In questo contesto si pone il dossier della Albanese: l’economia di guerra è l’economia del genocidio. Il tema del riarmo, della militarizzazione della società è fortemente connesso al genocidio palestinese, che è il tentativo suprematista di annientare identità, memorie e saperi di un popolo. Siamo di fronte ad un sistema strutturale globale: sistema politico, produttivo, finanziario italiani ne sono parte organica. Basti pensare alla azienda Leonardo, di cui Violante e Minniti, anche in questi giorni, difendono la “missione di pace”, mentre essa fornisce armi e proiettili al governo israeliano per annientare i palestinesi. La Leonardo è strutturalmente presente nel territorio israeliano con propri stabilimenti e dipendenti. Numerose università israeliane hanno stabilito programmi con aziende leader nel settore militare. Queste aziende si collegano strutturalmente alle Università italiane attraverso l’elargizione di borse di studio e finanziando gran parte dei progetti di ricerca. Nel documento della Campagna “La Conoscenza non marcia,” abbiamo messo in rilievo l’azione militante più importante che possiamo condurre insieme all’azione sindacale e conflittuale delle lavoratrici e lavoratori  portuali, metalmeccanici, della logistica, al mondo della scuola : penso al BDS, al Movimento di Boicottaggio, Disinvestimento e Sanzioni, che denuncia le complicità israeliane non solo nella costruzione di infrastrutture di colonizzazione dei territori occupati palestinesi, ma anche nei prodotti agricoli e di largo consumo.                                      

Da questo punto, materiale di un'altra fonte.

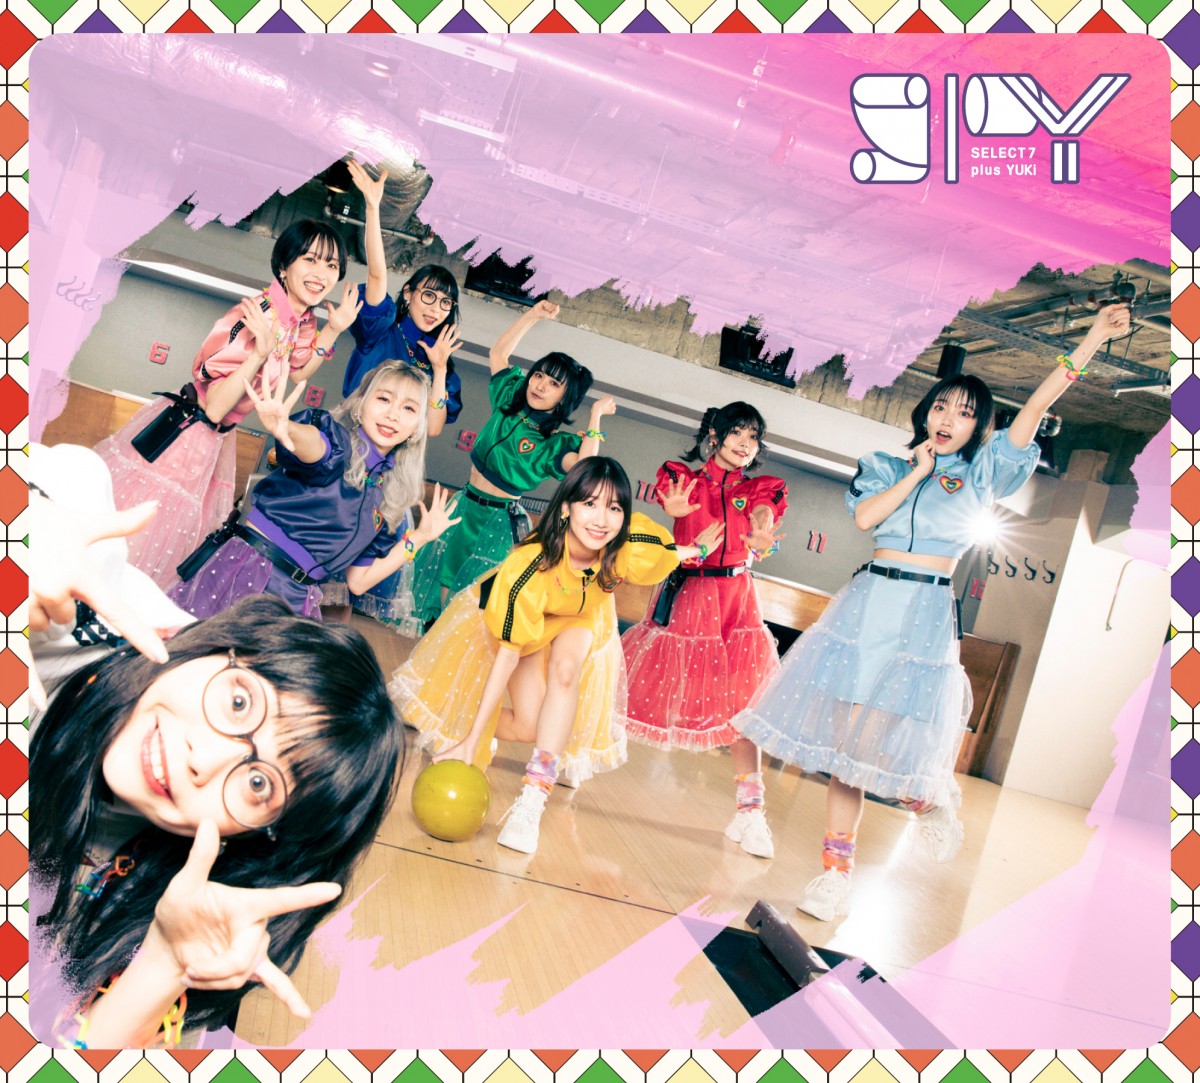 画像・写真 | 柏木由紀、BiSHら“新人”SPY、AKB48劇場で歌って踊る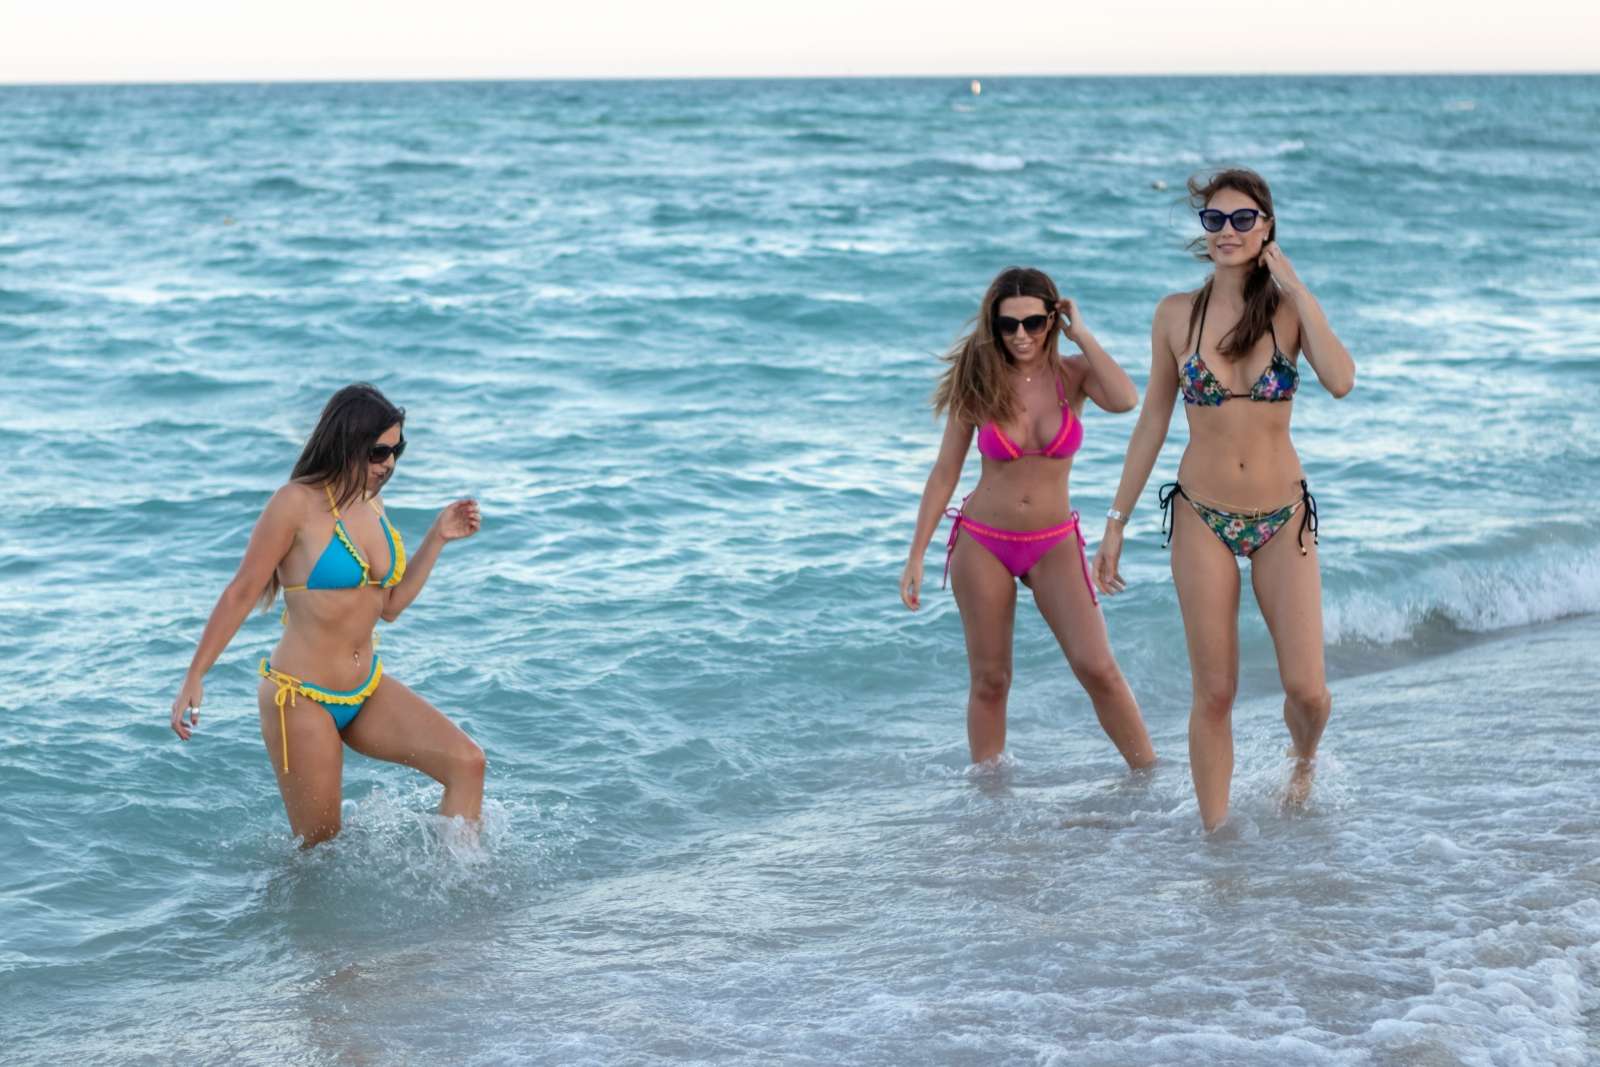 Claudia Romani, Julia Pereira and Laura Bragato in Bikini at a beach in Miami

 DIRITTO DI RESISTENZA                                                                     

 Lottare contro il genocidio comporta anche un’attività capillare di individuare tutti i settori e i prodotti in cui governo israeliano e governi europei cooperano per sostenere il genocidio. Non è mera azione umanitaria ma è lotta di classe. Il rapporto di Francesca Albanese dimostra che tra accademia, imprese private, funzione pubblica, forze militari italiane e occidentali e il genocidio, la connessione è estesa e permanente. Cresce la militarizzazione della società, nella logica di “armare” anche le menti dei cittadini europei. Dobbiamo, ovviamente, considerare che siamo membri del “sistema Nato”, che incide profondamente anche nei progetti di ricerca.  La Nato viene assunta come struttura capace di garantire sicurezza e pace. Ma esprime suprematismo armato. Per fortuna, contro lo Stato terroristico criminale, genocida, antisemita di Israele, sta crescendo, finalmente, anche in Italia, in tutti i territori, il diritto di resistenza. É un salto di paradigma. La Palestina è in noi. Prende forma il grumo possente di un nuovo movimento di massa; che è sintesi delle diversità, autoorganizzazione verso le convergenze unitarie. Esso non chiede “rappresentanza esterna”; sta rimettendo in discussione il ruolo di partiti e sindacati. Riappare, all’interno delle menti e dei corpi che sfidano il genocidio, un anticapitalismo di massa, dal basso. Non vi sono forme ed esiti certi; ma una indicazione di fondo.  È resistenza ogni forma di opposizione radicale, di critica, anche aspra, al potere. Sappiamo quanto la resistenza sia sgradita al potere. Continuiamo…


*Giovanni Russo Spena fa parte dei Giuristi Democratici e del Comitato Difesa Costituzione. È ex segretario di Democrazia Proletaria e ex parlamentare del PRC. Ha pubblicato, tra l’altro, “La metafora dell’emergenza”, “Peppino Impastato, anatomia di un depistaggio” e “La Costituzione della Repubblica italiana”, con Gaetano Azzariti e Paolo Maddalena.